Bucchieri: S265 treats public servants like privileged elites

“If someone gets emotional or heated because they don’t like the direction a school board or elected officials are going in, are they in danger of being arrested, since it appears ‘threatening’ to someone?”

by Wendy Bucchieri

S265, the “criminal threatening” bill, just passed the Vermont Senate and has been referred to the House Judiciary Committee. It proposes (in its own words) “to expand the scope of the crime of criminal threatening to include threats to third persons. The bill also proposes eliminating a person’s lack of intent, or inability to carry out the threat as an affirmative defense.”

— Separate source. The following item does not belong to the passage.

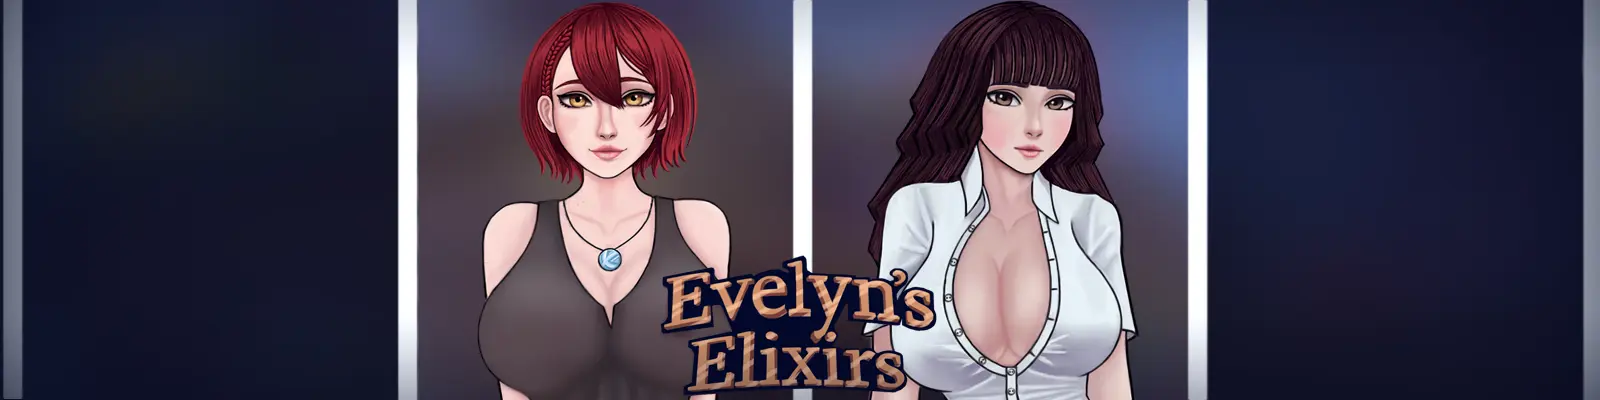 Evelyn's Elixirs [v0.1] main image

In section H of this bill, the Senators list themselves and all public servants as special recipients, with special mention to the protections of being threatened. This bill expands the “Threat” for themselves and its definitions but diminishes the ‘We the Vermonters’ ability to be innocent until proven guilty.

Not having to prove ‘intent’ allows this bill to be used to violate, or at least to really dampen our ability to address our elected officials with grievances. If someone gets emotional or heated because they don’t like the direction a school board or elected officials are going in, are they in danger of being arrested, since it appears “threatening” to someone? The law is very subjective.

And don’t say it can’t happen. We saw DHS Secretary Alejandro Mayorkas call for parents protesting at school board meetings to be treated as domestic terrorists. Free speech is definitely under attack.

In this divisive time, we need to see our legislators looking out for the people they represent – not for themselves. Any laws made that elevates one group of people over another causes division. The fact that these Senators have elevated themselves above the people that they are supposed to serve is telling.

Our laws should be plainly stated for all citizens – period!

My advice for public officials in this hour: if you can’t take the heat, then don’t take the seat!

The author is an Arlington resident.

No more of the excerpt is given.